Religion, “true religion” as today’s collect calls it, is a good thing, and Jesus knew it. Pardon my apparent stuffiness, but I believe it to be far more salubrious than half-baked philosophies and warm-fuzzy feelings, because it gives us a connection to a way proven by countless generations to worship God and experience His transcendent love and glory. Tradition is a good thing too, for the same reason, so long as the tradition finds its motivating force in the true worship of God.

So Jesus’ rebuke of the Pharisees was neither anti-nomian (that is, a rejection of the law) nor anti-religious. It was, rather, a call to true religion.

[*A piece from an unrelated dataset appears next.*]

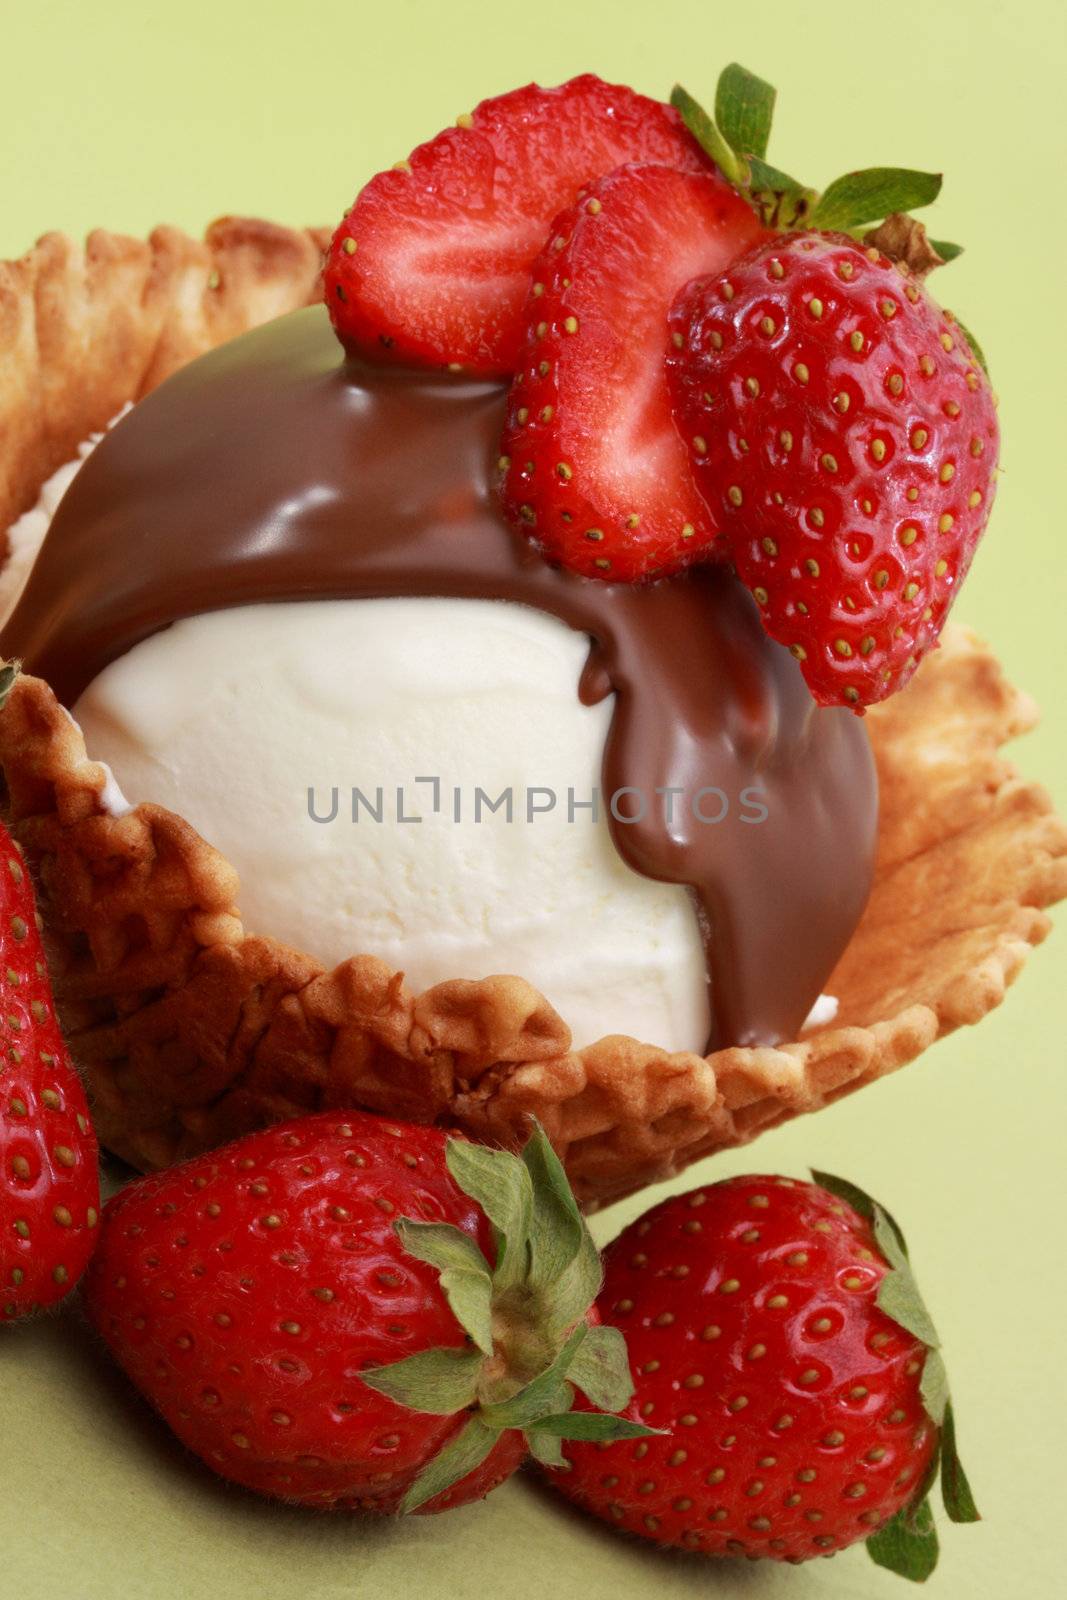 vanilla ice-cream in a wafer basket with chocolate and strawberries

It was a perhaps none-too-gentle indictment of what the prophet Isaiah called “teaching human precepts as doctrine”, but it was not a rejection of doctrine.

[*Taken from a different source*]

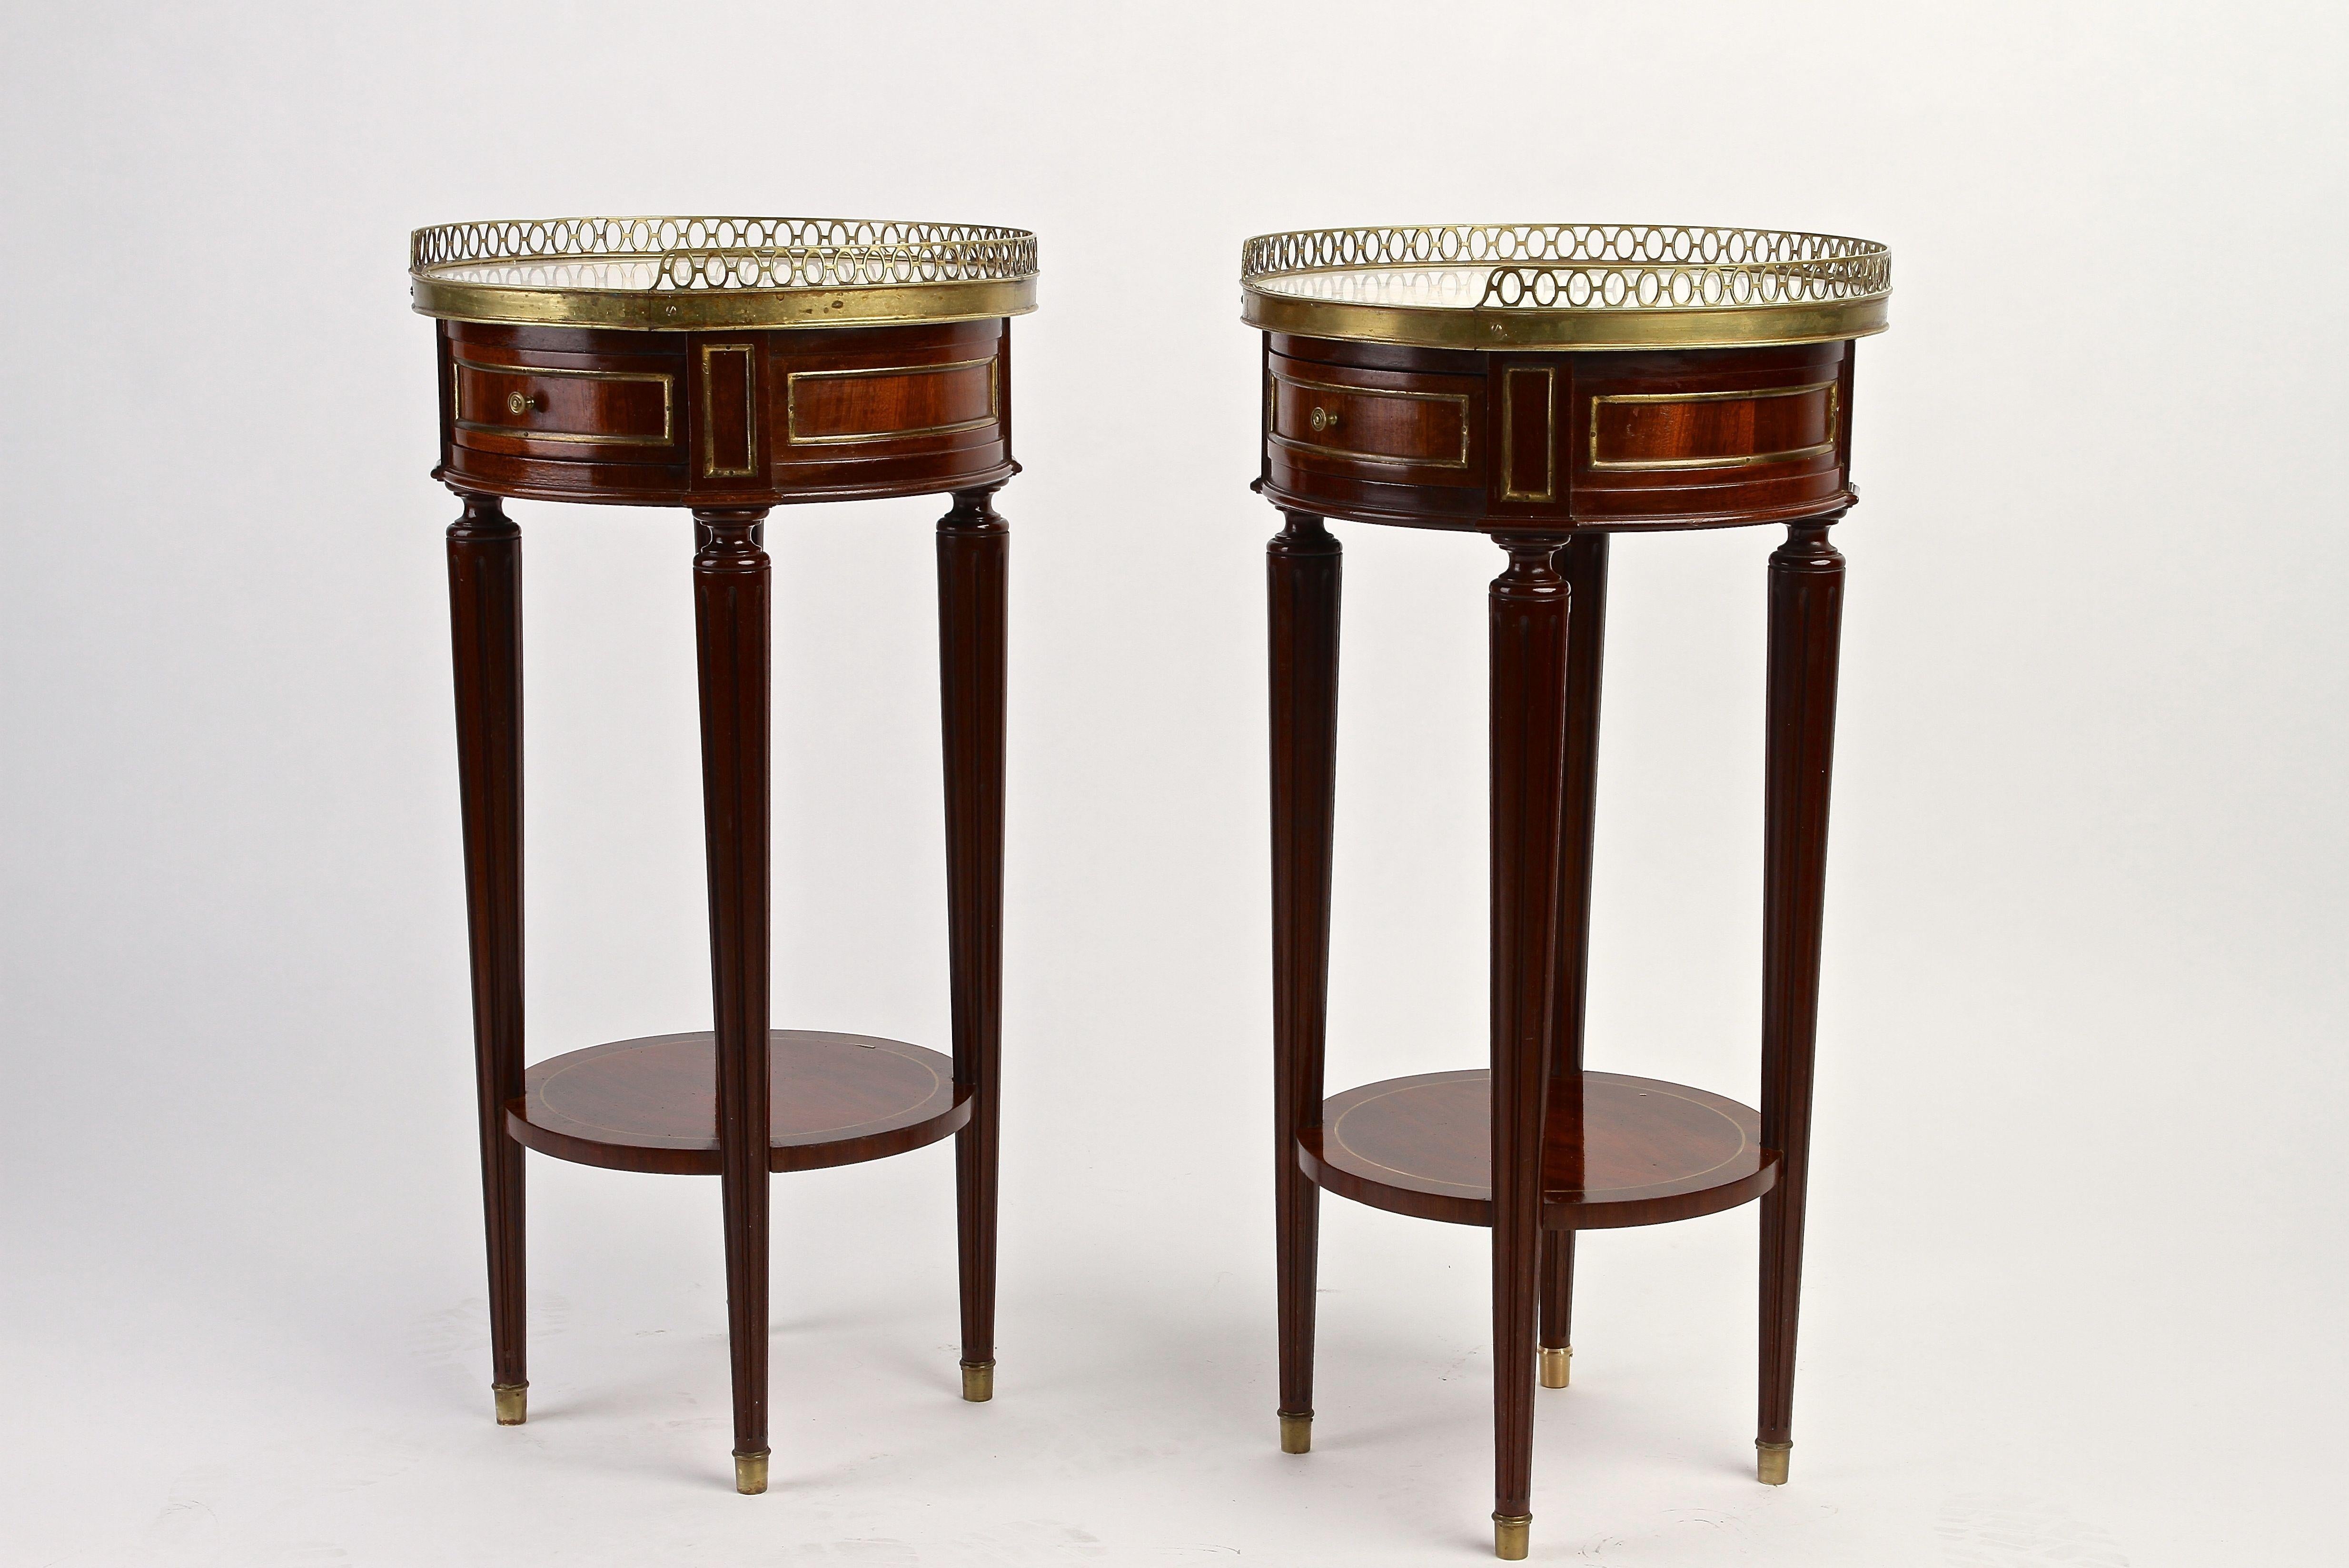 Brass Pair of 19th Century French Mahogany Gueridon/ Side Tables, France, circa 1870

So, the task before us, then, is determining what is human precept and what is true religion. Unfortunately, this is a very difficult question, and I’m not smart enough to answer it entirely should I have a lifetime to ponder it, much less in the next two minutes. I firmly believe that the Canon of Scripture, and the Creeds, and even the Book of Common Prayer fall into the “true religion” category rather than the “human precept” category, and it’s through the fruit that I’ve seen these texts bear in the hearts of the faithful and in my own life that have led me to that conclusion.

Both St. Paul and St. James write about the good fruit which is borne by the faithful, and I think that to some degree religion can be judged by the same principle. Does one’s religion lead one to hypocrisy and pride, or does it lead to obedience and humility? Does one’s religion lead to spiritual elitism or does it bear fruit in spreading the gospel with love and in “caring for orphans and widows in their distress” to use St. James’ litmus test? Does one’s religion lead one to an obsession with rules, or does it lead to loving one’s neighbour and worshipping one’s God with a pure heart? Are we as individuals bearing good fruit? Is Trinity Church bearing good fruit? Are the Diocese of Ohio and Episcopal Church, USA bearing good fruit? These are a lot of questions, and the answer to each is probably somewhere between an absolute “yes” and an absolute “no”, but I’ll leave it to each of you to ponder them. And as you answer these questions for yourselves, let a little snippet of today’s collect be your refrain: “Graft in our hearts the love of your Name; increase in us true religion; nourish us with all goodness; and bring forth in us the fruit of good works.”

In the name of the Father and of the Son and of the Holy Spirit. Amen.